AtmtSSB1, but not AtOSB2 and AtWhirly2, interact with AtPolIB with affinity constant similar to canonical replisomes

Several SSBs bind to their cognate DNA polymerases by virtue of their exposed C-terminal amino acids. In order to investigate if AtSSBs interact with the plant organellar DNA polymerases, we evaluated a potential interaction between AtSSBs and AtPolIB exo⁻ by MST. We found that AtPolIB exo⁻ interacts with AtmtSSB1 with an affinity constant of 1.48 μM. This affinity constant is similar to the 1.6 μM interaction between T7 DNA polymerase and T7 SSB in the absence of thioredoxin and the 1.6 μM interaction between DNAP III and SSB from E. coli (58,59). In contrast, AtWhirly2 at a concentration of 250 μM (6 mg/ml) is not able to saturate a binding isotherm, suggesting that the observed interaction is non-specific or that is larger than 250 μM. AtOSB2 shows no observable binding to AtPolIB exo⁻ (Figure 7D).

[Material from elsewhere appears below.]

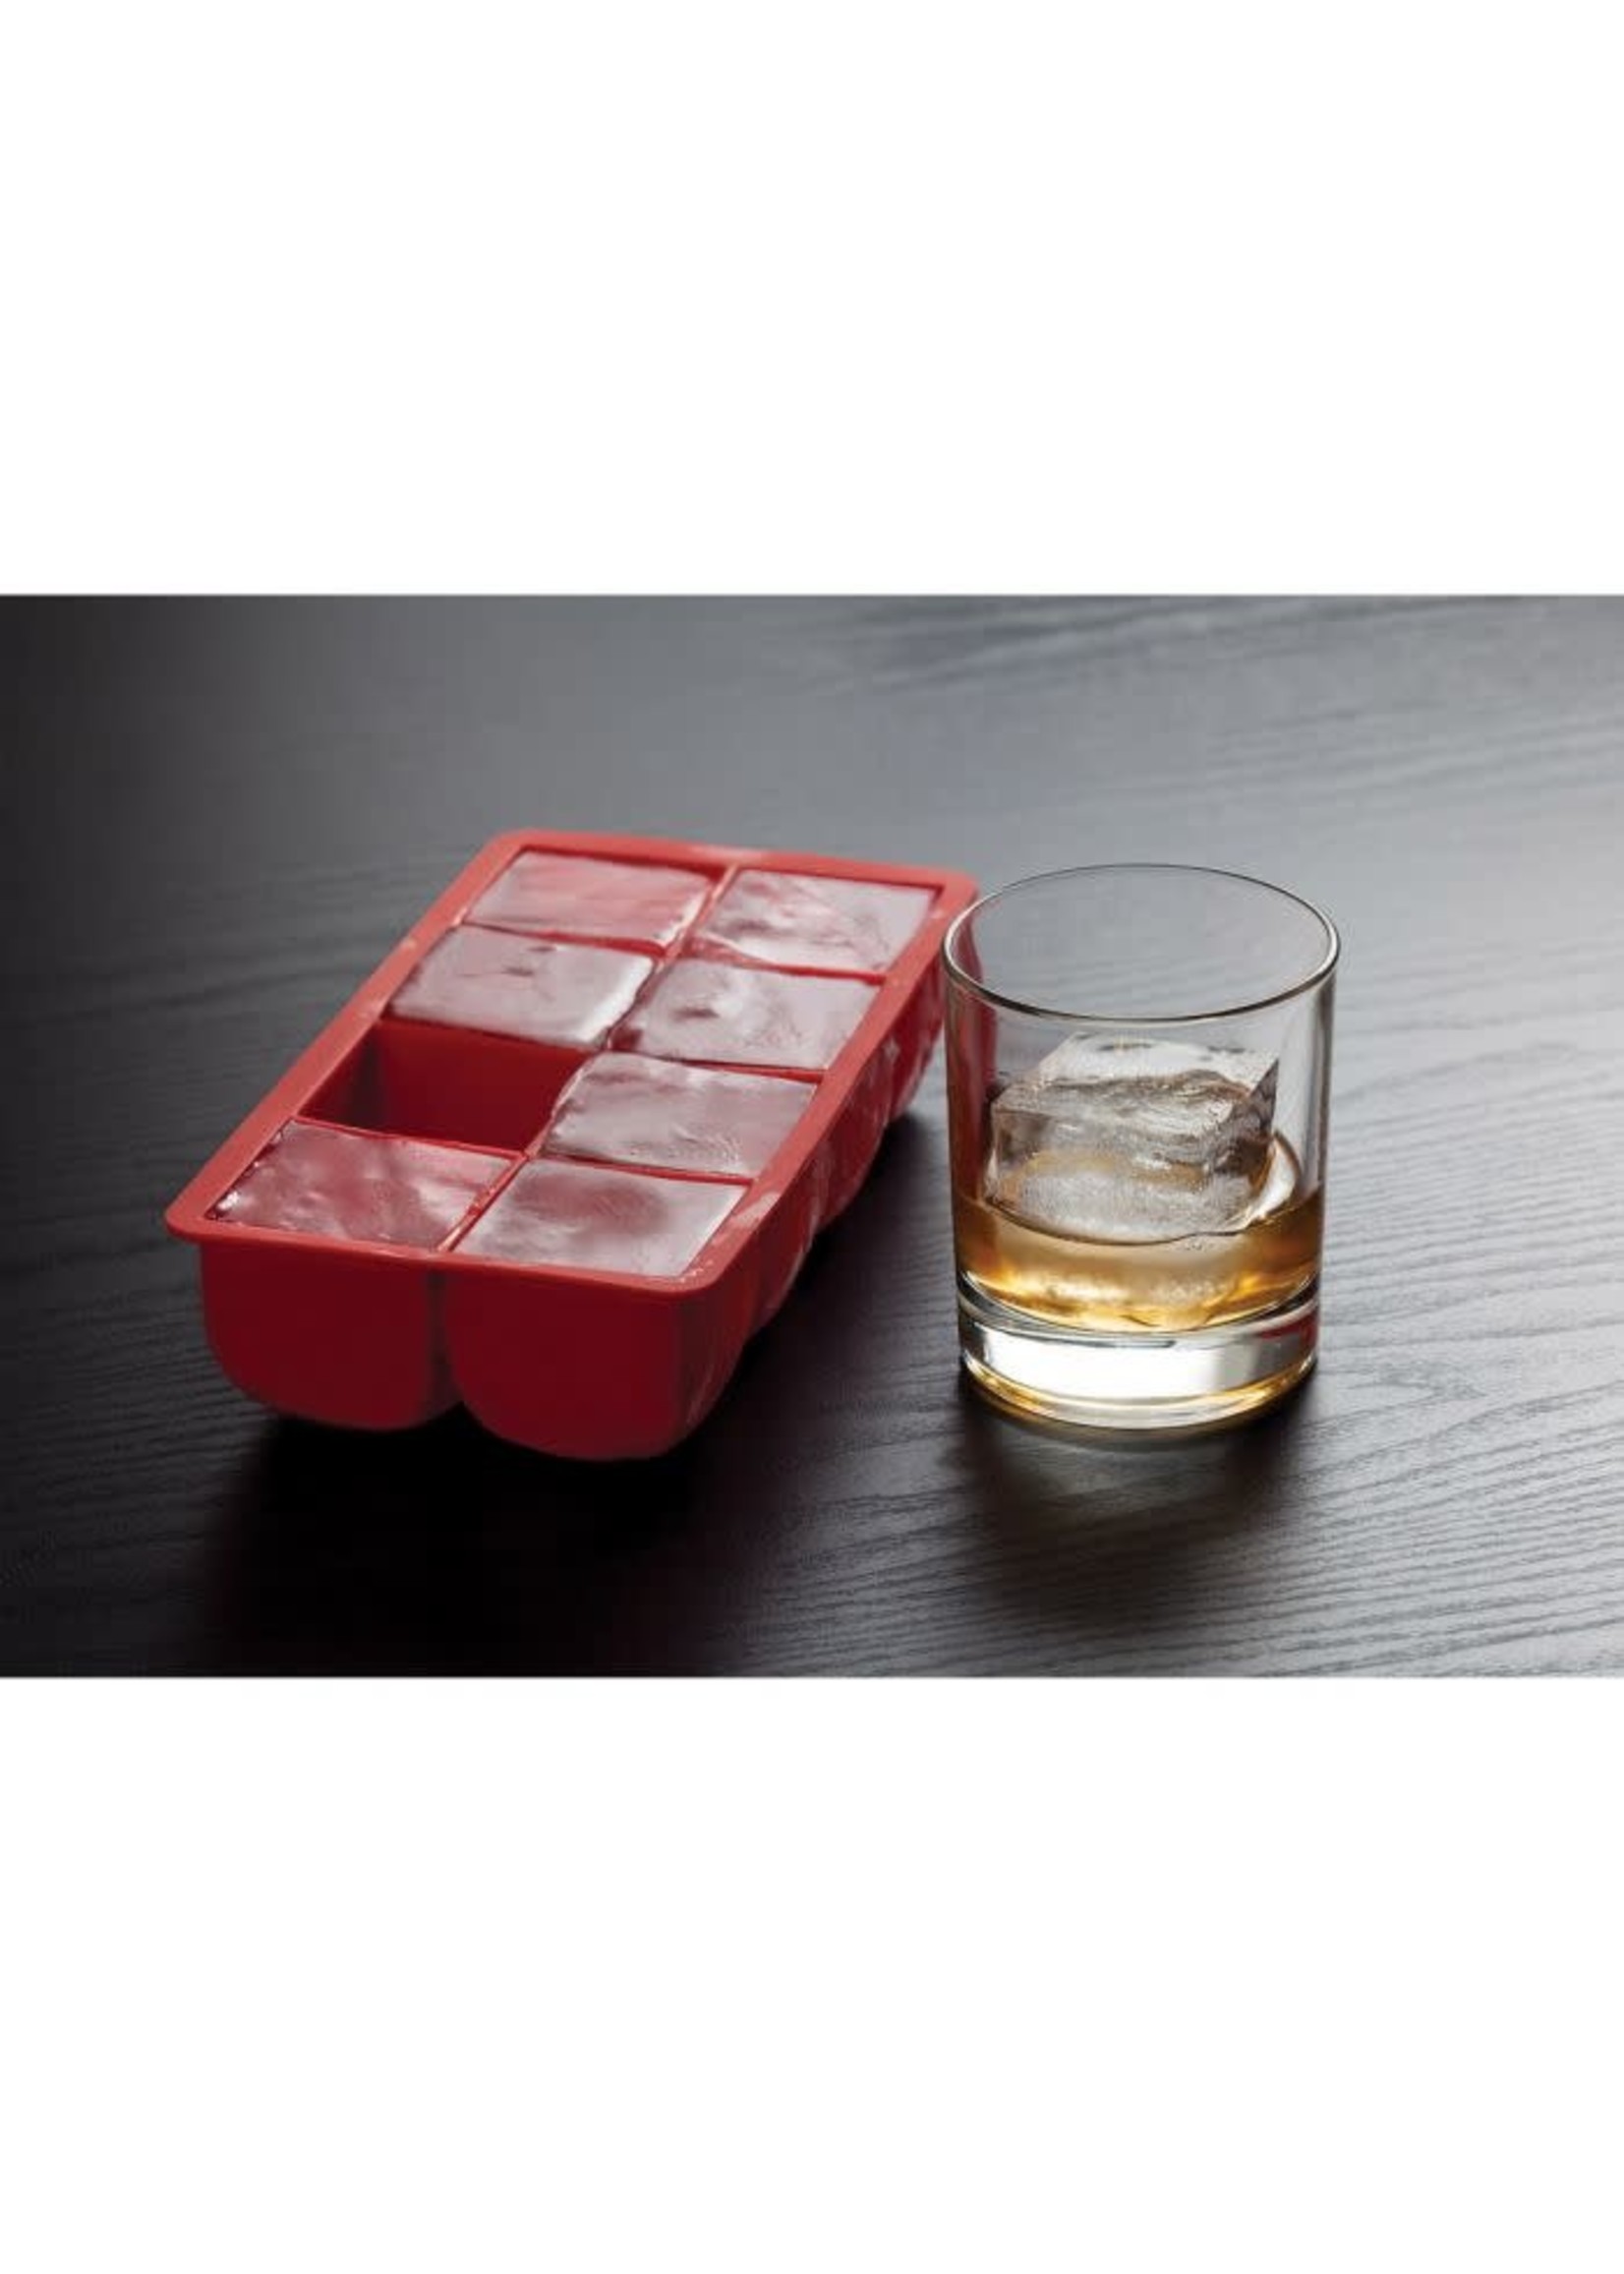 8 Cube Silicone Ice Cube Tray - Makes 8 Large 2 in. x 2 in. Cubes for

AtWhirlies and AtOSBs decrease MMEJ on long ssDNA templates

Whirlies and OSBs are proposed to compete for a partially resected DSB and prevent MMEJ in organelles (31,54). In order to obtain biochemical evidence for this hypothesis, we performed MMEJ reactions using pssDNA with microhomologies of 8 nts, but with extra single-stranded DNA sequences that ranked from 0 to 65 nts. In these reactions, we used a 50-fold molar excess of tetrameric purified SSBs (AtmtSSB1, AtmtSSB2, AtOSB2, AtOSB3, and AtWhirly2) and 5-fold AtPolIB with respect to pssDNAs (Figure 8A and B). In reactions incubated using the microhomology of 8 nts without an extra single-stranded DNA segment, pssDNA-8₍₀₎, the presence of SSBs did not have an effect on MMEJ formation by AtPolIB (Figure 8A, lanes 1–7). The lack of MMEJ inhibition on a pssDNA-8₍₀₎ correlates with the absence of binding for SSBs to this substrate (30) a (Table 1) and also indicates that the presence of SSBs does not inhibit MMEJ by AtPolIB. When 4 nts were added to the microhomologous sequence of 8 nts (pssDNA-8₍₄₎), AtOSB2 and AtWhirly2 completely hampered MMEJ formation (Figure 8A, lanes 12 and 14). Inhibition by AtOSB2 and AtWhirly2 on a pssDNA-8₍₄₎ substrate, but not by AtmtSSB1 or AtmtSSB2, correlates with the binding of AtOSB2 and AtWhirly2 to a pssDNA-10 substrate (Table 1). The presence of AtOSB3, but not AtmtSSB1 and AtmtSSB2, in substrates with single-stranded DNA regions of 43 (pssDNA-8₍₃₅₎) and 73 (pssDNA-8₍₆₅₎) nucleotides decreased product formation in pssDNA-8₍₃₅₎ and pssDNA-8₍₆₅₎ substrates (Figure 8B). The lack of inhibition for AtmtSSB1 and AtmtSSB2 on longer partially single-stranded substrates was observed even with reactions incubated with 200-fold molar excess of those proteins with respect to the ppsDNA template (Supplementary Figure S2). The binding affinity of AtmtSSB1 for a 70-mer ssDNA substrate is approximately five times weaker than the binding affinity of AtOSB2 and AtWhirly2, so the lack of MMEJ product formation by AtPolIs in reactions incubated with AtmtSSBs is not explained by a lack of binding to single-stranded DNA.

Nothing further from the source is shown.